• **EXERCISE BRIEF**
Your copy of the listing should be exact and should contain no pictures.

• **SOURCE DATA**
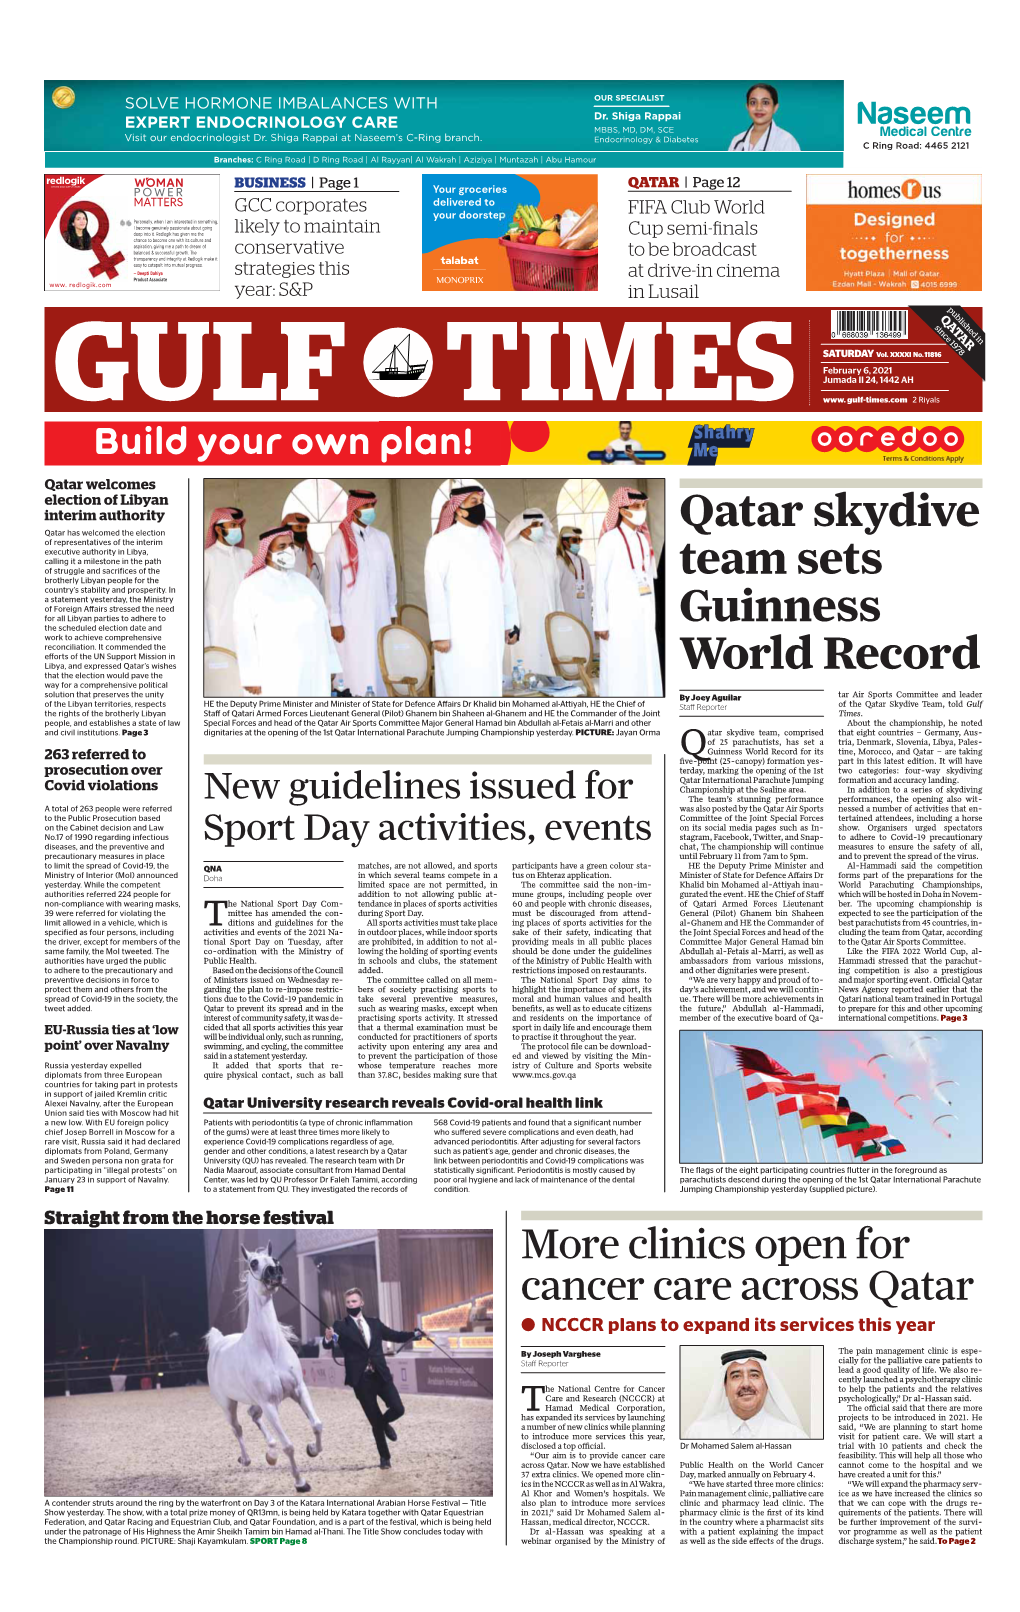 Qatar Skydive Team Sets Guinness World Record
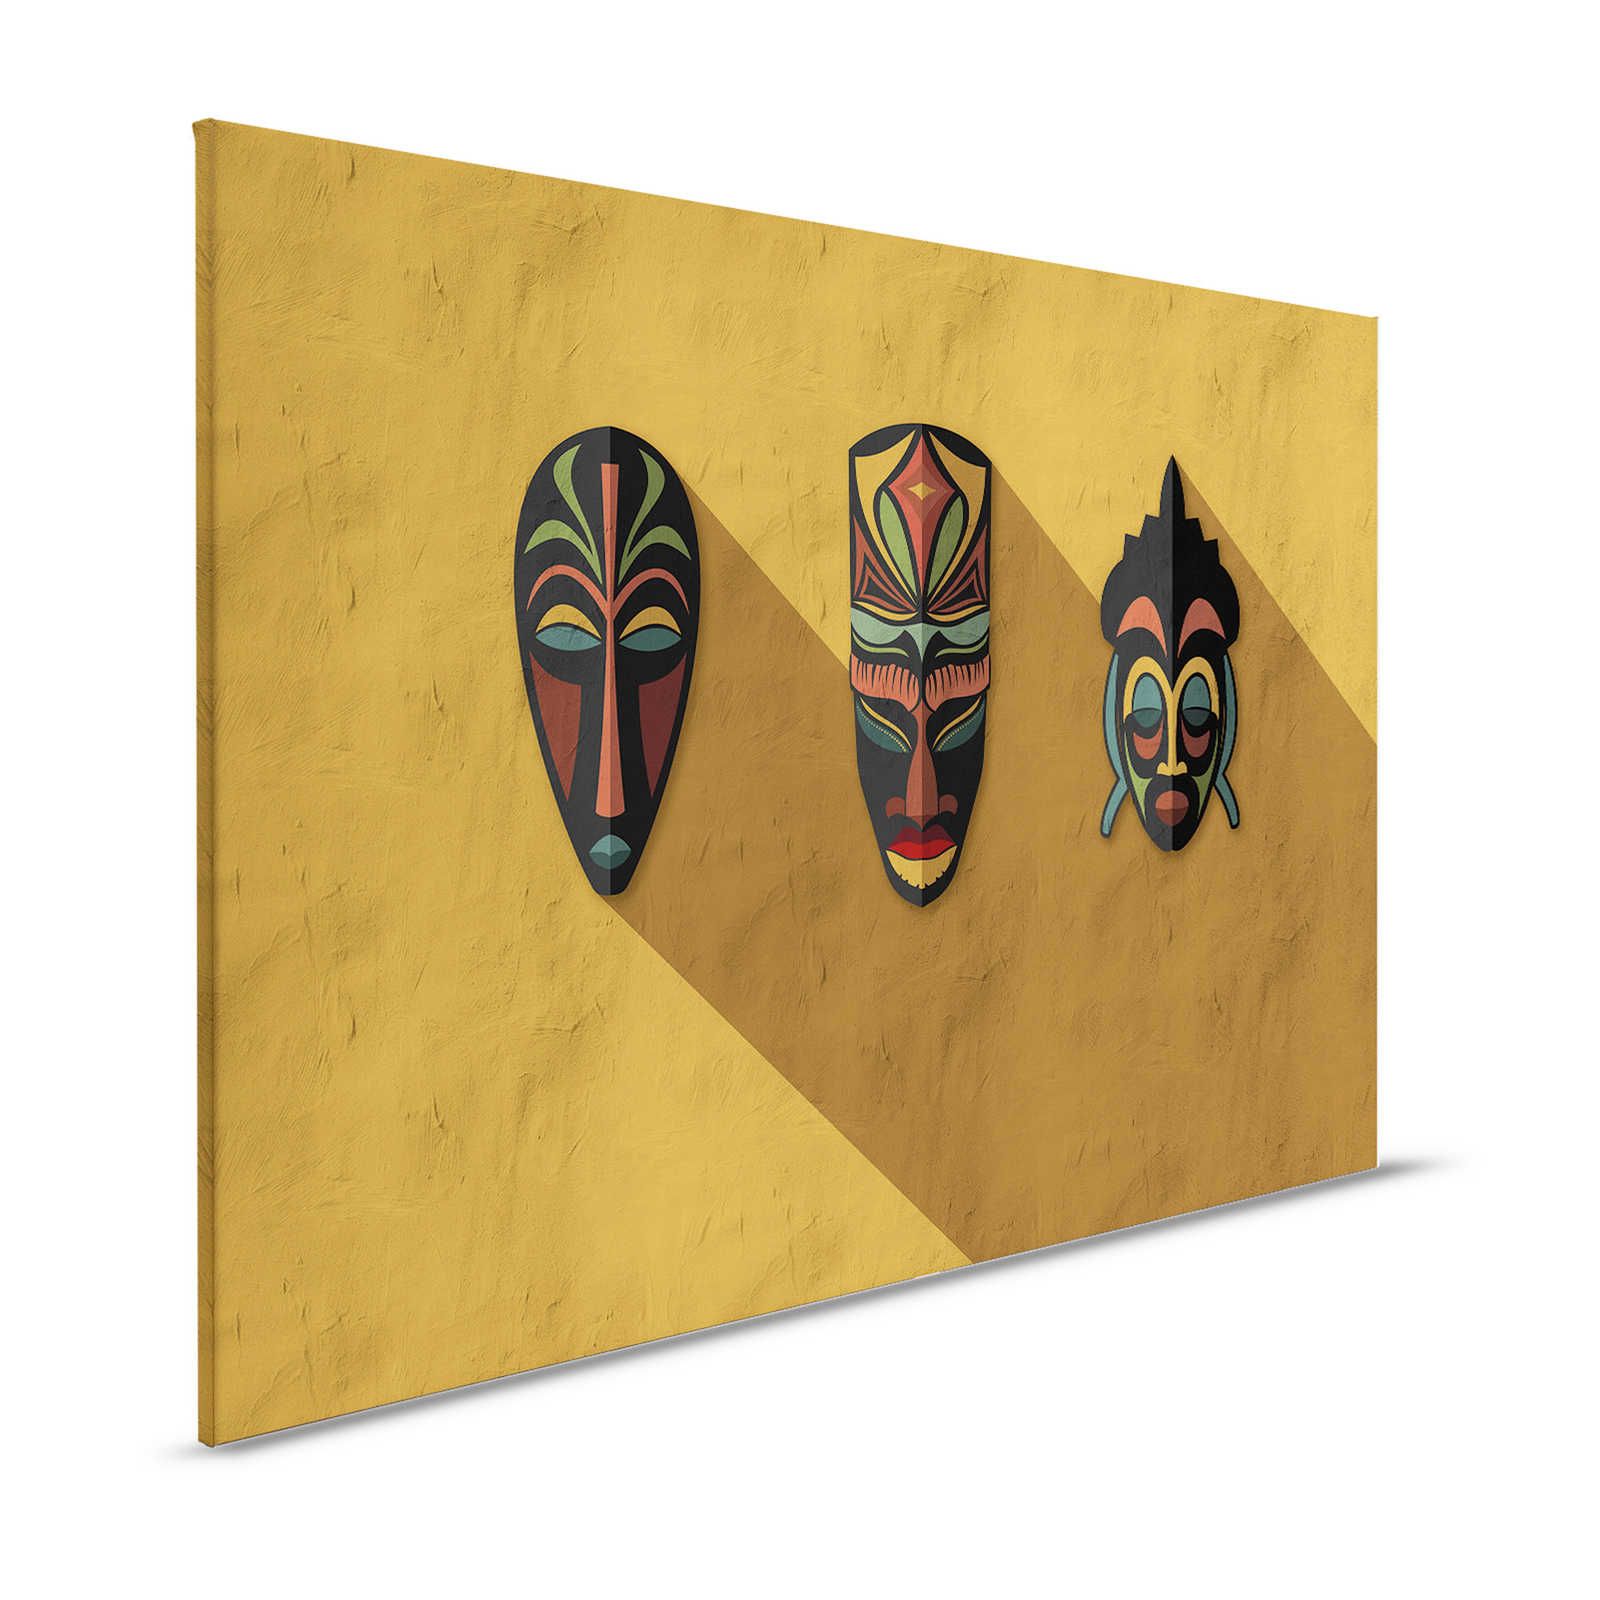 Zulu 1 - Toile jaune moutarde, Africa Masks Zulu Style - 1,20 m x 0,80 m
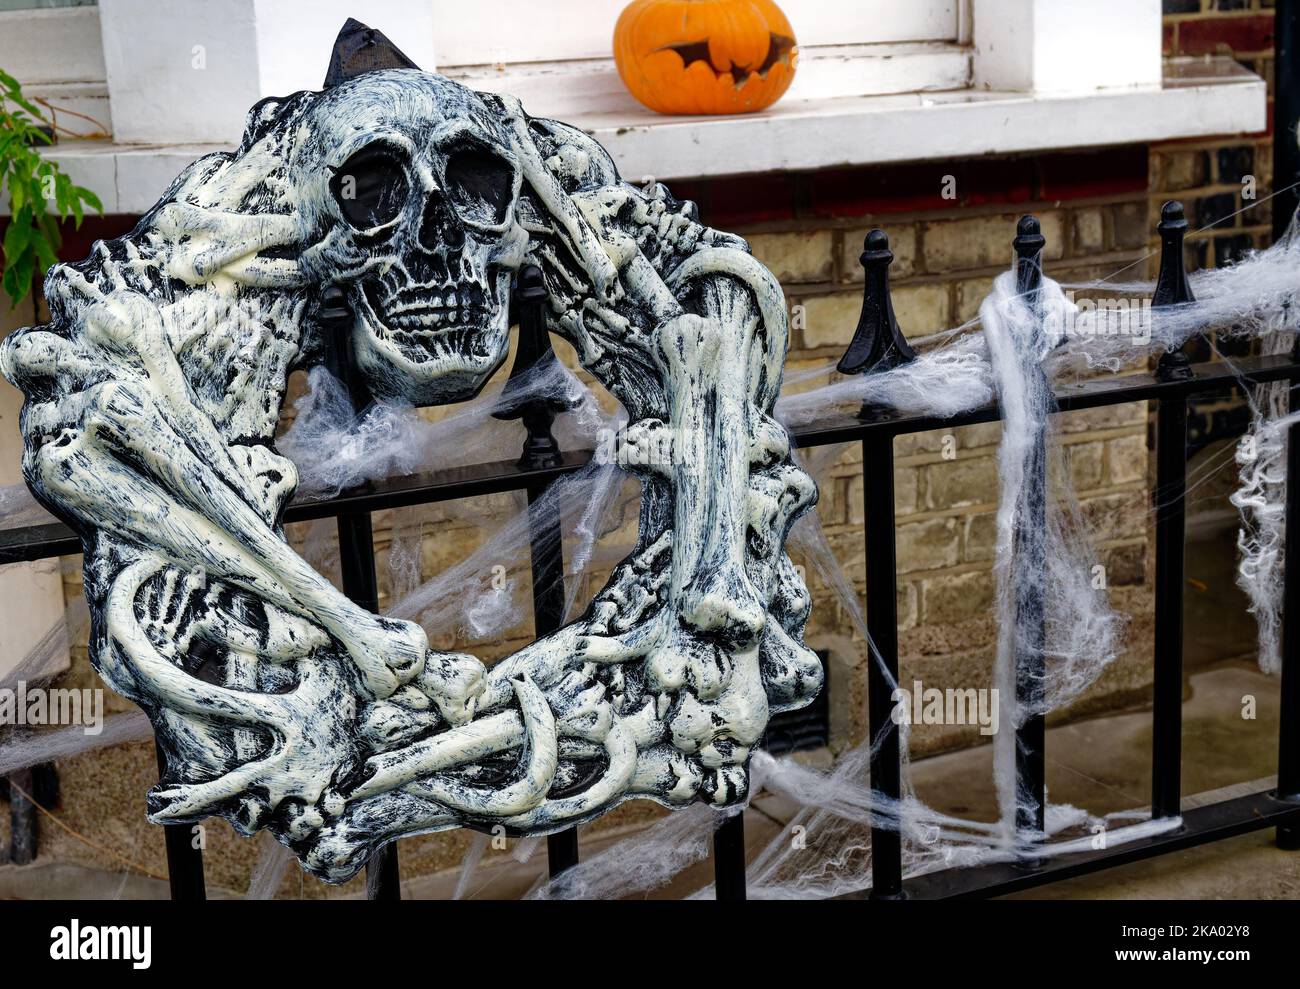 Skull and garland wreath of bones plus a pumpkin, Halloween decorations Stock Photo

• **SOLUTION TO THE EXERCISE**
 Qatar Skydive Team Sets Guinness World Record
 Zulu 1 - Toile jaune moutarde, Africa Masks Zulu Style - 1,20 m x 0,80 m
 Skull and garland wreath of bones plus a pumpkin, Halloween decorations Stock Photo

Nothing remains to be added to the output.